Совсем уж собравшись переселиться в купленный у Польши древний Киев, господин Ван Дорн, один из тех немногих голландцев, кои сохранили верность римскому престолу и не переметнулись от католической церкви в мятежный кальвинизм или реформатство, дожидался почтенный негоциант, пока гетман Гордий Пыхатый, выполняя веление Рима, не приберёт к рукам вольнолюбивую Украину, на веки вечные отторгнув её от братской Москвы.

Давненько уже сидя в Варшаве и дожидаясь желанного часа, господин Ван Дорн задумал жениться на взращенной для него в католических монастырях красавице украиночке Кармеле, с коей он имел намерение познакомиться сперва по портрету, щедрым Дорновым банком заказанному в Амстердаме самому Рембрандту ван Рейну…

Да не всё складывалось так, как то было надобно дальновидным политикам Ватикана, коим не терпелось, заграбастав Украину, возместить ограблением новых земель величайшие потери и убытки, причинённые Ватикану протестантизмом, который отколол от римской церкви тьму-тьмущую людей в нескольких странах Европы.

Однако захват Украины стал к тому времени не столь простым делом.

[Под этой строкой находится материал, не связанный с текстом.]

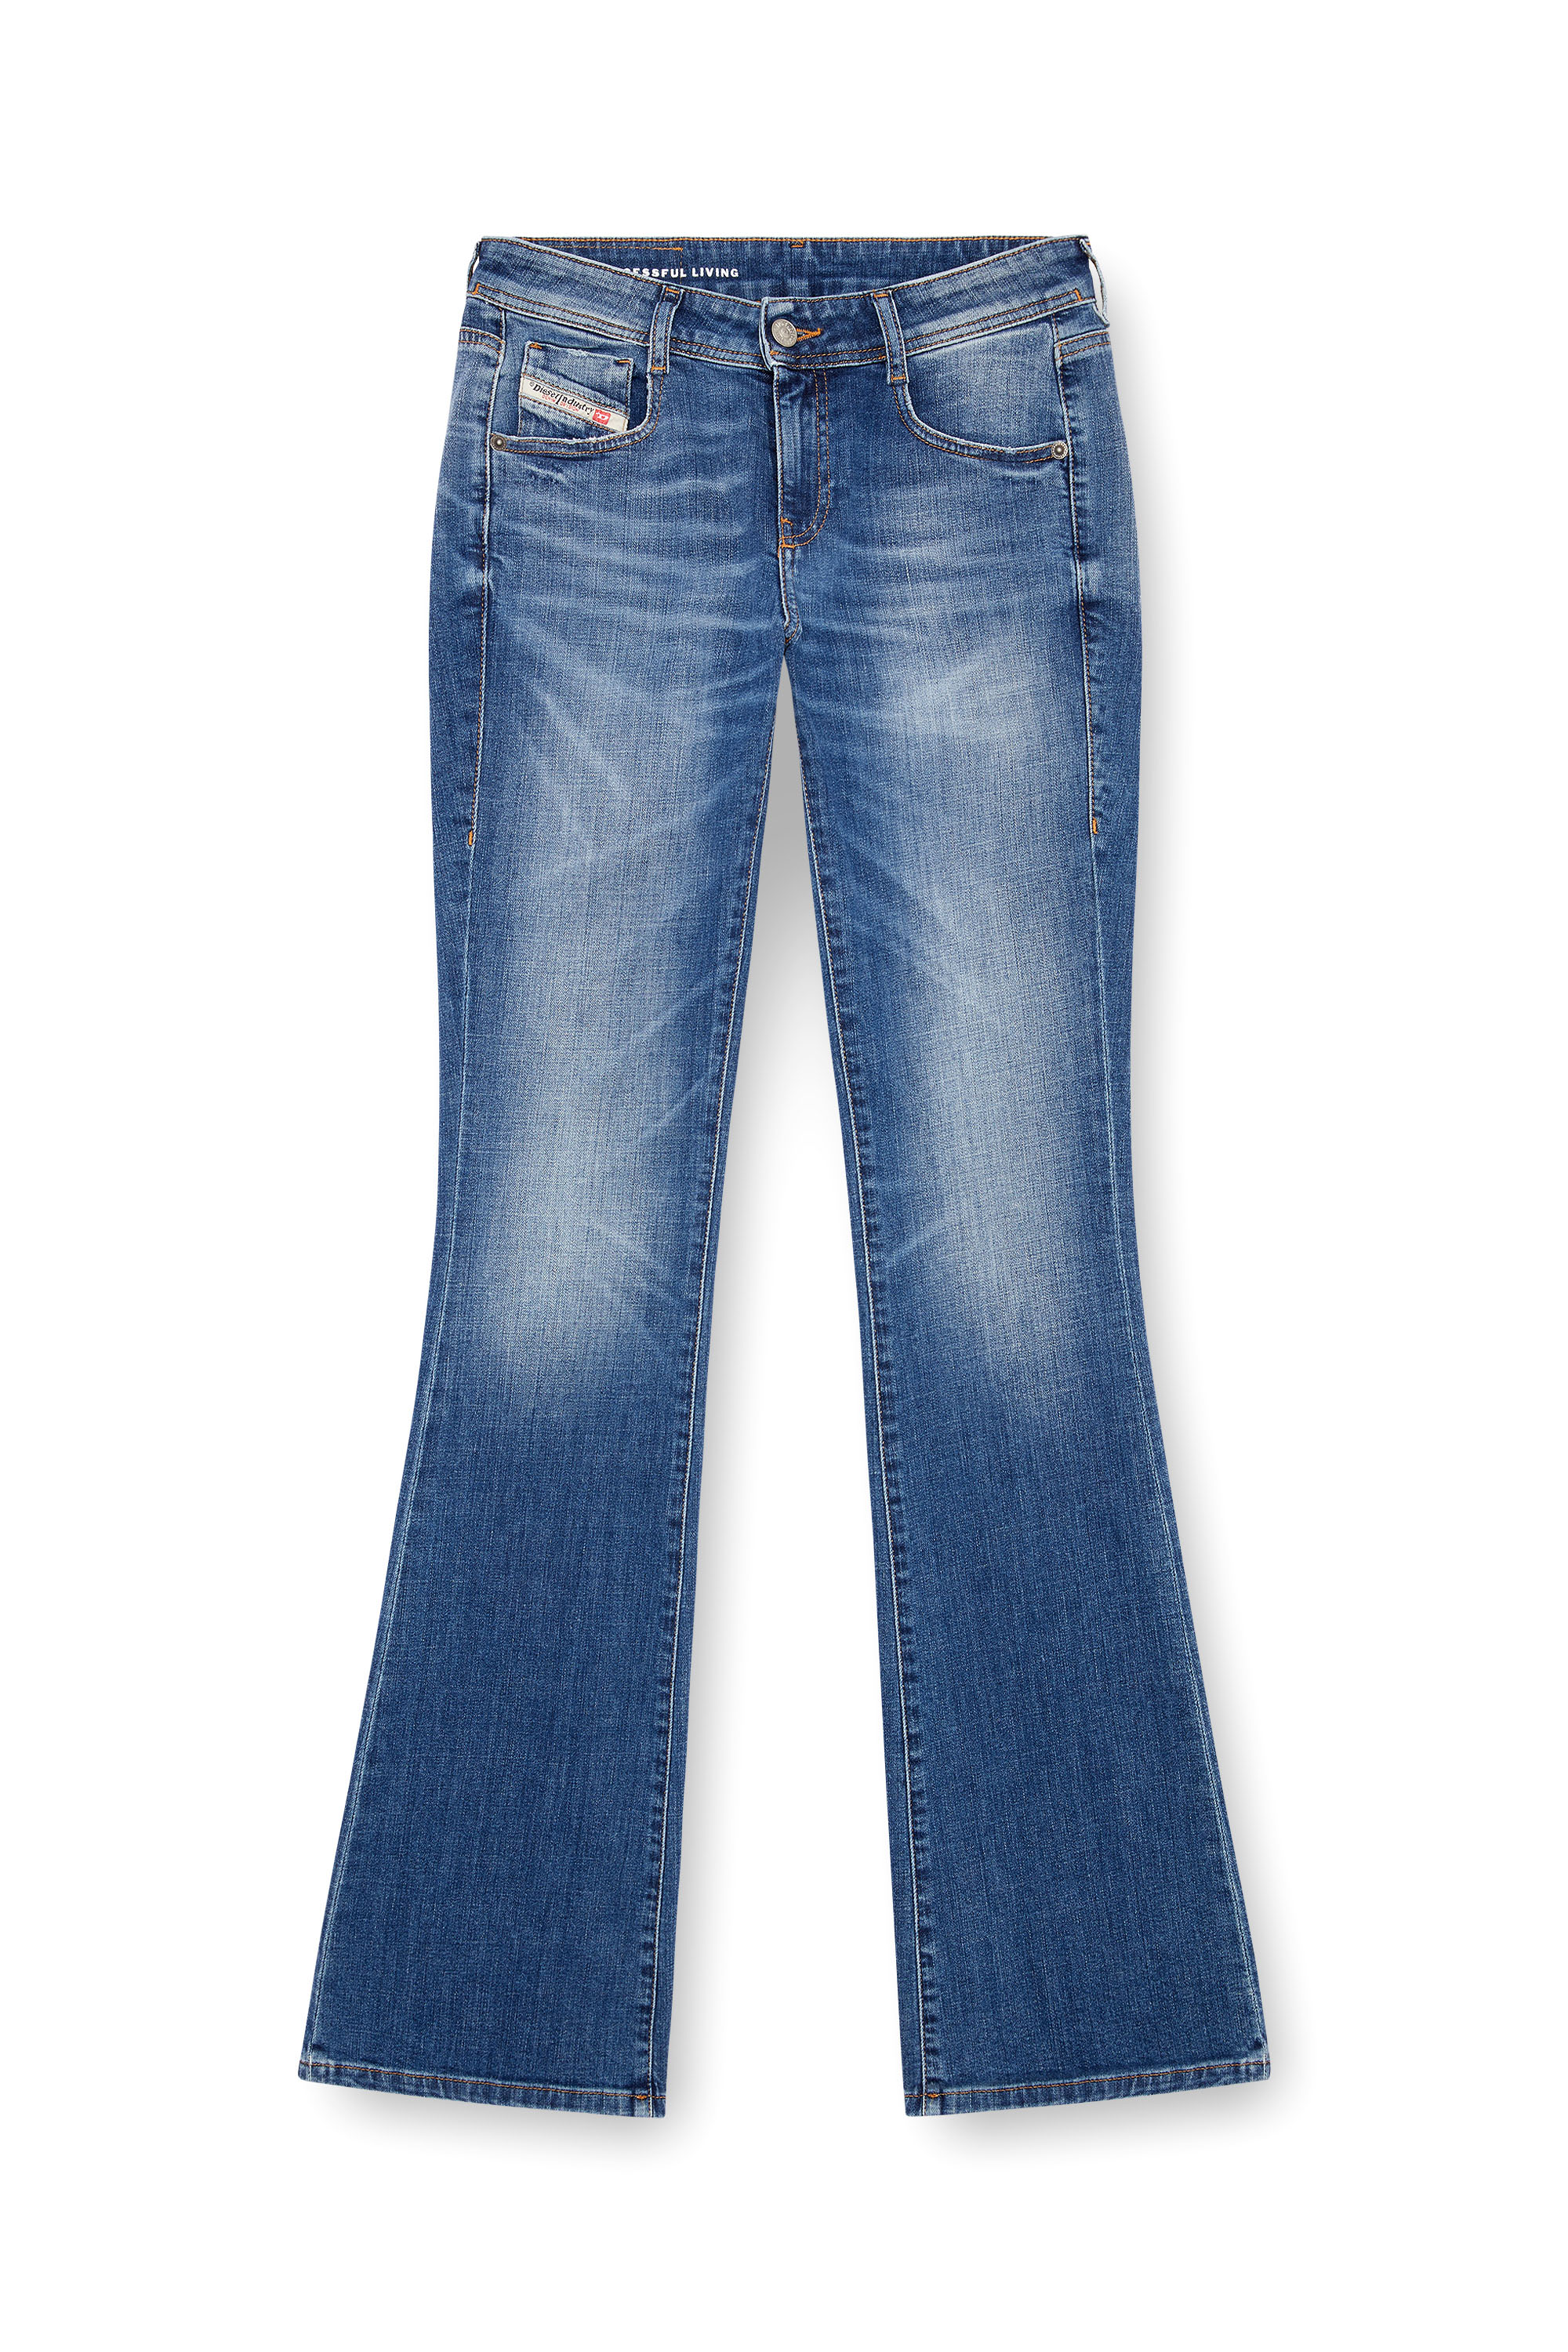 Diesel - Bootcut and Flare Jeans 1969 D-Ebbey 09J33, Mujer Bootcut y Flare Jeans - 1969 D-Ebbey in Azul marino - Image 5

Гремела уже по свету слава Запорожья.

Стояла за Украиной и Москва.

Да и под унию простой украинский люд неохотно шёл, — чем ближе к Москве, тем меньше было униатов.

А тут и наречённую Ван Дорна выкрали вероломные католики-славяне (чехи, хорваты и гуцул), помогли ей бежать среди бела дня из дома католического бискупа в Амстердаме, препроводили на небольшой английский корабль, который предерзко зашёл в голландский порт, невзирая на войну с Нидерландами, и Кармелы в Европе не стало, хоть и недолго, правда, оставались ватиканские ищейки в неведении о её судьбе: не прошло и месяца, как они уже учуяли на Украине её след, затем что времени зря не теряли.

После всего, что ей довелось пережить, панне Ярине бы теперь беречься, но её, как говорится, чёрт под бок толкал: хотелось надышаться свободою, — и панна не слушалась ни дяди своего, озабоченного теперь войной, ни здравого смысла, ни страшного опыта жизни, и вот сейчас бродила по лесу, куда ей, понятное дело, без надёжной охраны так опрометчиво соваться не следовало.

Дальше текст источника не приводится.